Course Syllabus

Course site:
Course titan pad:
Readings and Syllabus in PDF:

location | 1518 Phelps
days/time |  MW 2:00-3:50pm
Prof. Laila Shereen Sakr []
contact | email: ssakr AT | twitter:  @vj_um_amel
office hours | Tues, 3-4:50pm, or by appt. 2020 SSMS



This hybrid course surveys emerging media-making and digital advocacy practices through a case study on the digital campaigns for human rights and social justice issues in the Middle East. The course reviews these relationships through the lens of social movement theory, and functions as a workshop to develop student projects. Seminar participants will work together to explore frameworks, methods, and tools for understanding networked social movements in the digital advocacy ecology framed from the Middle East. Students will study the role of interventions, social media, and tactical tools to support civic agency and participatory action, as well as transform, disrupt or subvert changing urban, political, and social conditions in various local contexts throughout the region. In this production-oriented seminar students are expected to work in teams to research, conceptualize, and design novel civic media and tactical interventions that critically examine the socio-cultural and institutional settings that they seek to engage or disrupt. The class will also look into issues such as online surveillance and filtering, circumvention tools, and how repressive regimes in the region have countered digital activism.

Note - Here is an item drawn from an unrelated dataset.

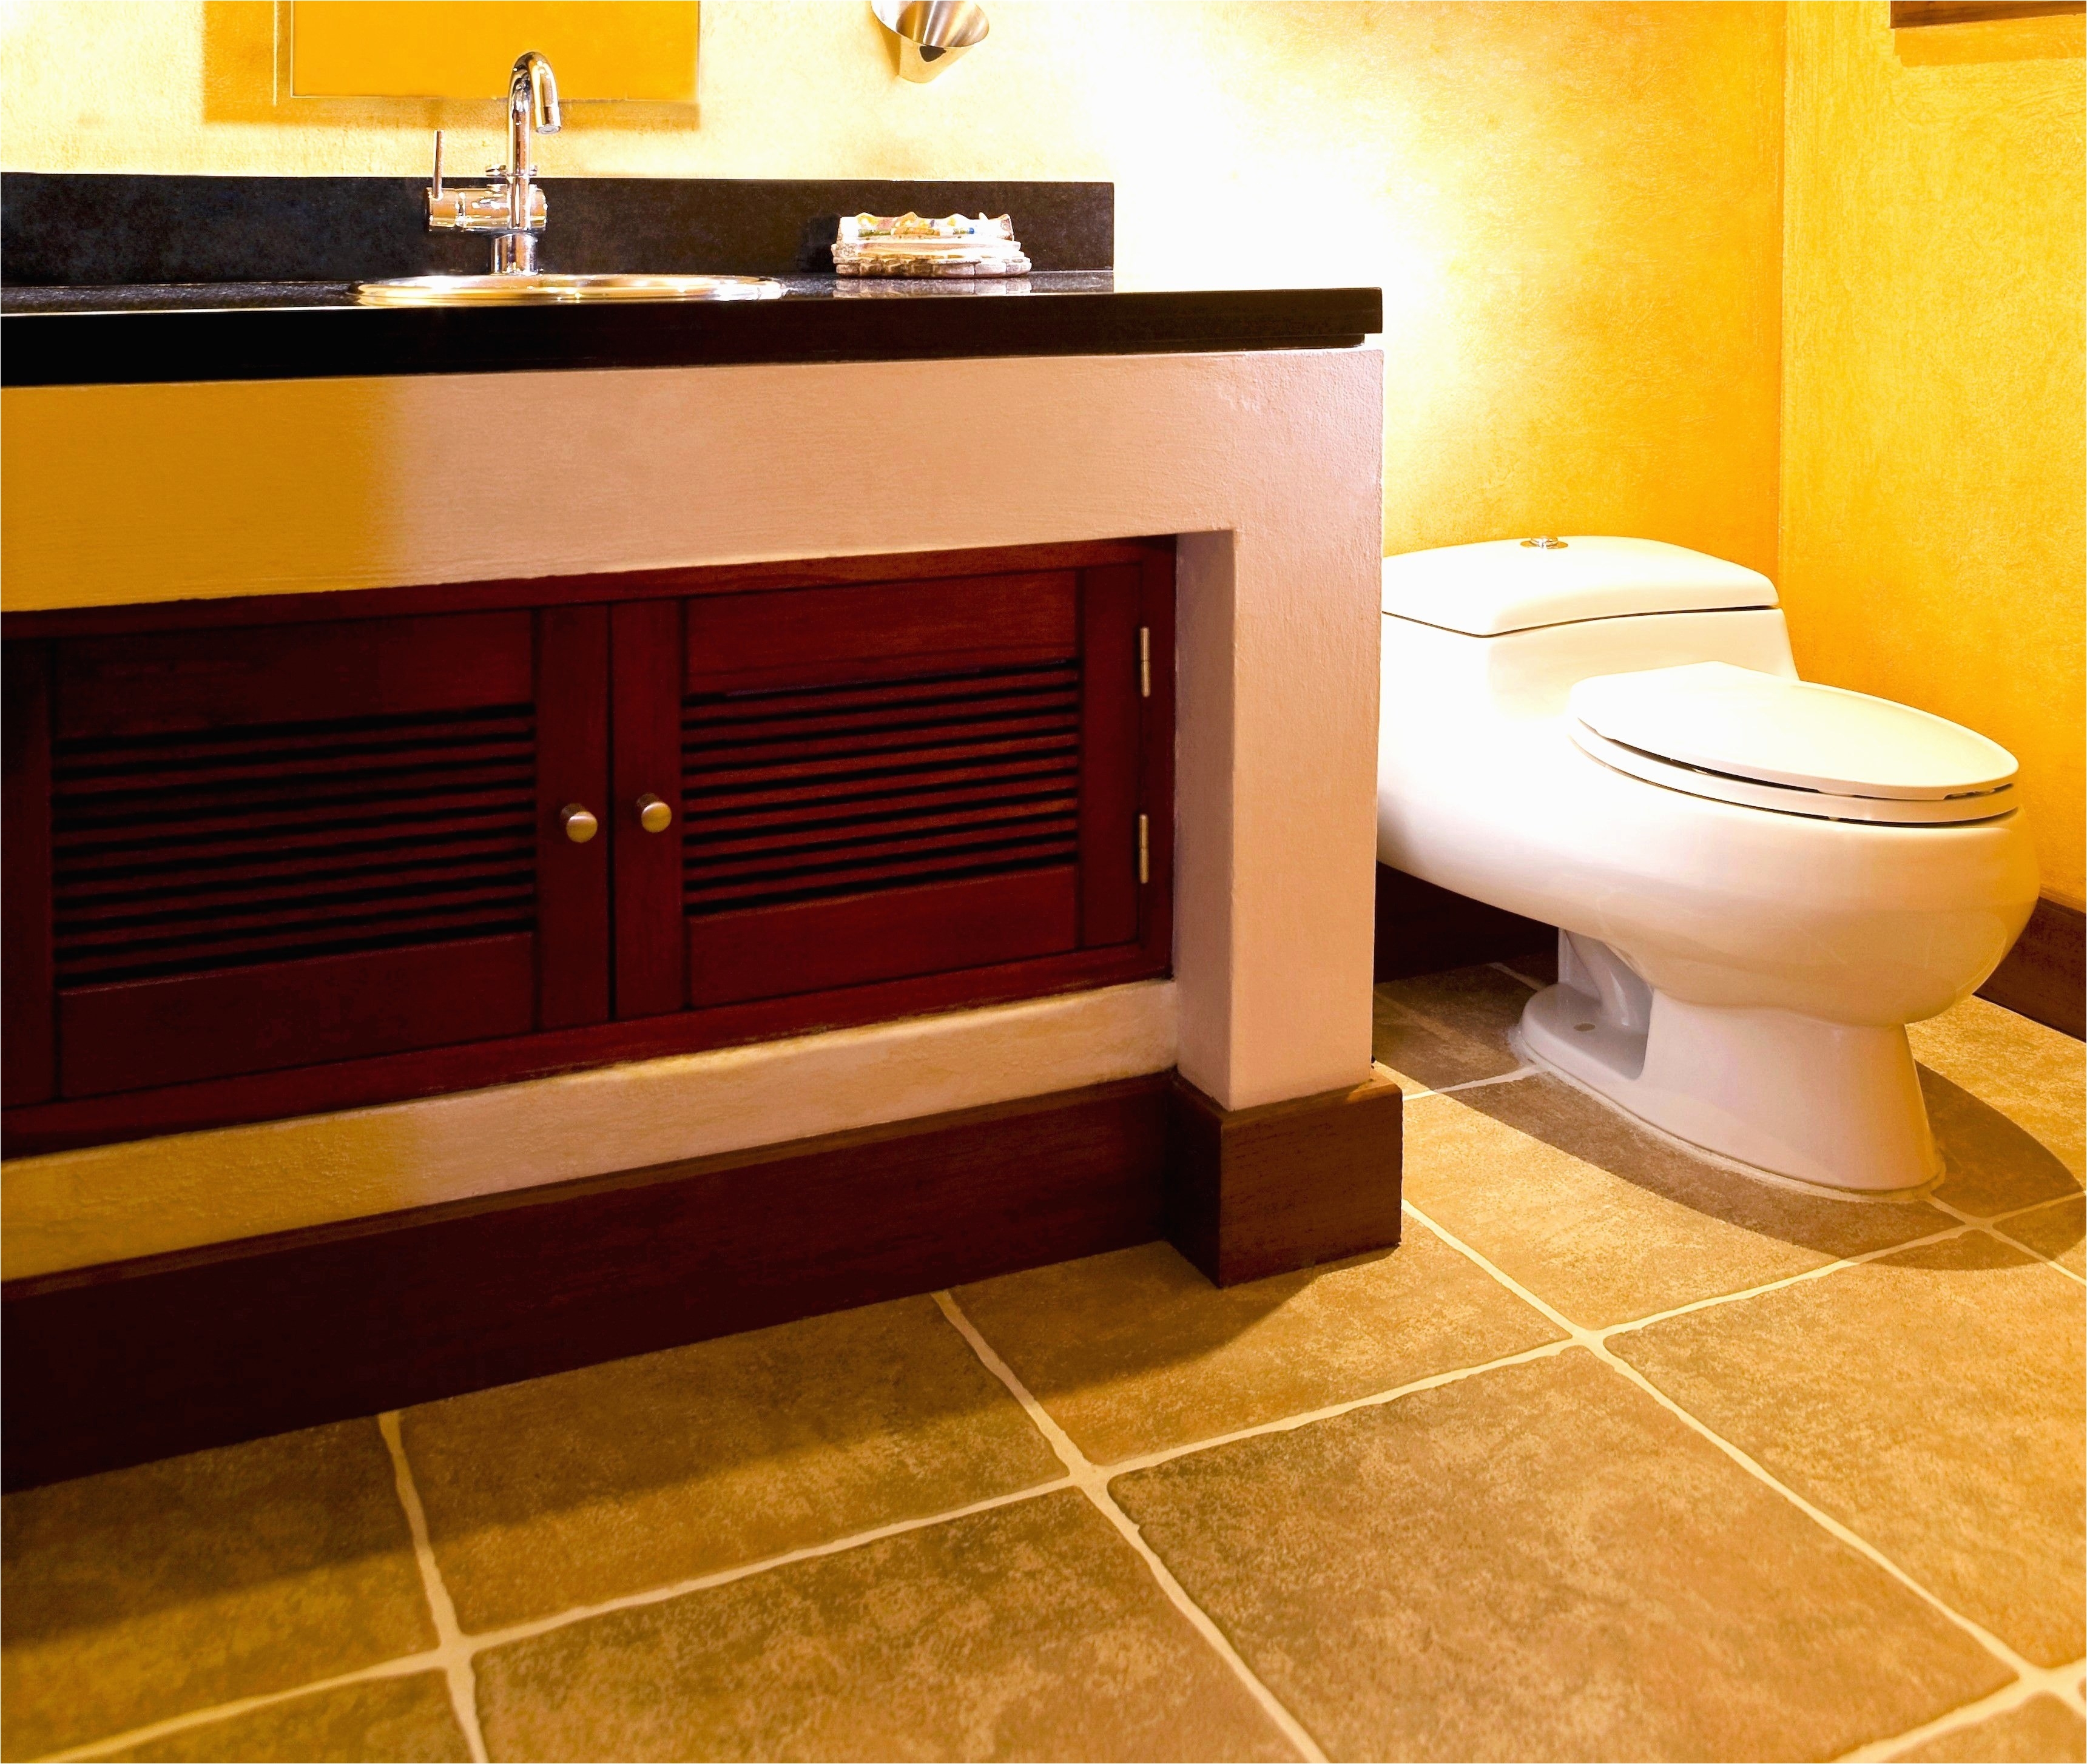 Design Ideas for the Bathroom Very Best Home Decor Tile Best Floor Tiles Mosaic Bathroom 0d New

The class will focus on these digital campaigns:

We are all Khaled Said (police brutality, torture – Egypt)
No to Military Trials for Civilians (securitized state, due process of law – Egypt)
You Stink (garbage crisis, political factions – Lebanon)
Free Bassel Safadi (imprisoned open source software developer – Syria)
Kafa, Jinsayati, Uprising Women, TackBacktheTech, Nasawiya, HarassMap (women’s rights – Lebanon)
Women2Drive (women’s sovereignty – Saudi Arabia)

In addition to the regularly readings and discussions, students will participate in the following:

  • A collective note-taking practice on Titan Pad for all class discussions.
  • Weekly blog writing (300-500 words) due Wednesdays, and commenting (two comments on peers’ blog posts) due the following Wednesday. If no class, then no blog is due that week. A blog post is required to receive credit for attending each mandatory event.
  • Attending minimum three events and lectures on campus (details in class schedule in red)
  • Midterm: Manifesto/Planning Documents for media making/hacking group project (5 pages)
  • Final: Media making/hacking group projects and presentations


The course will use WordPress ( as the main online platform to provide: weekly syllabus updates, PDFs for all readings, events and resources. Students must use the blog to regularly reflect on readings, share relevant projects and report on their ongoing group projects.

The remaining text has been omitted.